Diner Dash Env

alt text

Diner Dash is a benchmark task for training reinforcement learning (RL) and imitation learning (IL) polices in the domain of high dimensional action space.

The player is running a restaurant by controlling a waitress to serve customers as many as possible. As shown in the picture, the restaurant has 6 tables with different sizes and up to 7 waiting groups, on the left side and with different sizes, to be served. For each group of people, the player needs to allocate a table for them, collect orders, submit orders, pick up food, serve food, collect bills, clean table and finally return the dish to the dish collection point. There is a happiness value of each group of people, represented in the form of hearts, and the happiness value will decrease if they wait too long. Once the happiness value reaches zero, the customer runs away, and the player loses one star. There is a maximum of 5 stars of each player, and the game ends when the player loses five groups of customers.
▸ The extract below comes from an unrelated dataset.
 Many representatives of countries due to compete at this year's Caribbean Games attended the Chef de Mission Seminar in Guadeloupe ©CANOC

Diner Dash is a challenging task, with high dimensional action space, high dimensional state space, infinite horizon, hierarchical structure and requires sub-tasks to be completed in parallel. Such a tough task gives a better training environment which is closer to the real-world problems.

To Try with GUI

Drag the swf.html into the chrome broswer
OR
Open the DinerDash.swf directly.

To Install

pip install more_itertools
pip install gym
pip install -e DinerDashEnv

To Use

import gym

env = gym.make('diner_dash:DinerDash-v0').unwrapped
env.flash_sim = False

state = env.reset()
action = 1
state, reward, done, _ = env.step(action)

# Helper methods:
env.env.print() # inspect all states
env_tem = env.env.duplicate() # duplicate env for planning

To Get Heuristic Policy

This heuristic policy has an averaged score about 9921 over 100 runs.
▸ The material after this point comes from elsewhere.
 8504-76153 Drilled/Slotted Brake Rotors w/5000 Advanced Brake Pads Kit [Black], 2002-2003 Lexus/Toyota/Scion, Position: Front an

python heuristic_policy.py

State Space

# Size = (40,)

table1_status
table1_size
table1_hap
...
table6_status
table6_size
table6_hap

table_1_food : 0 not ready for collection, 1 : ready
...
table_6_food

group_1_hap
group_1_size
...
group_7_hap
group_7_size

hand_item1
hand_item2

Action Space

0 : None
1 : Move_T_1_A
2 : Move_T_2_A
3 : Move_T_3_A
4 : Move_T_4_A
5 : Move_T_5_A
6 : Move_T_6_A
7 : Move_Counter_A
8 : Pick_Food_1_A
9 : Pick_Food_2_A
10 : Pick_Food_3_A
11 : Pick_Food_4_A
12 : Pick_Food_5_A
13 : Pick_Food_6_A
14 : Move_Collection_A
15 : Pick_Seat_G1_T1_A
16 : Pick_Seat_G1_T2_A
17 : Pick_Seat_G1_T3_A
18 : Pick_Seat_G1_T4_A
19 : Pick_Seat_G1_T5_A
20 : Pick_Seat_G1_T6_A
21 : Pick_Seat_G2_T1_A
22 : Pick_Seat_G2_T2_A
23 : Pick_Seat_G2_T3_A
24 : Pick_Seat_G2_T4_A
25 : Pick_Seat_G2_T5_A
26 : Pick_Seat_G2_T6_A
27 : Pick_Seat_G3_T1_A
28 : Pick_Seat_G3_T2_A
29 : Pick_Seat_G3_T3_A
30 : Pick_Seat_G3_T4_A
31 : Pick_Seat_G3_T5_A
32 : Pick_Seat_G3_T6_A
33 : Pick_Seat_G4_T1_A
34 : Pick_Seat_G4_T2_A
35 : Pick_Seat_G4_T3_A
36 : Pick_Seat_G4_T4_A
37 : Pick_Seat_G4_T5_A
38 : Pick_Seat_G4_T6_A
39 : Pick_Seat_G5_T1_A
40 : Pick_Seat_G5_T2_A
41 : Pick_Seat_G5_T3_A
42 : Pick_Seat_G5_T4_A
43 : Pick_Seat_G5_T5_A
44 : Pick_Seat_G5_T6_A
45 : Pick_Seat_G6_T1_A
46 : Pick_Seat_G6_T2_A
47 : Pick_Seat_G6_T3_A
48 : Pick_Seat_G6_T4_A
49 : Pick_Seat_G6_T5_A
50 : Pick_Seat_G6_T6_A
51 : Pick_Seat_G7_T1_A
52 : Pick_Seat_G7_T2_A
53 : Pick_Seat_G7_T3_A
54 : Pick_Seat_G7_T4_A
55 : Pick_Seat_G7_T5_A
56 : Pick_Seat_G7_T6_A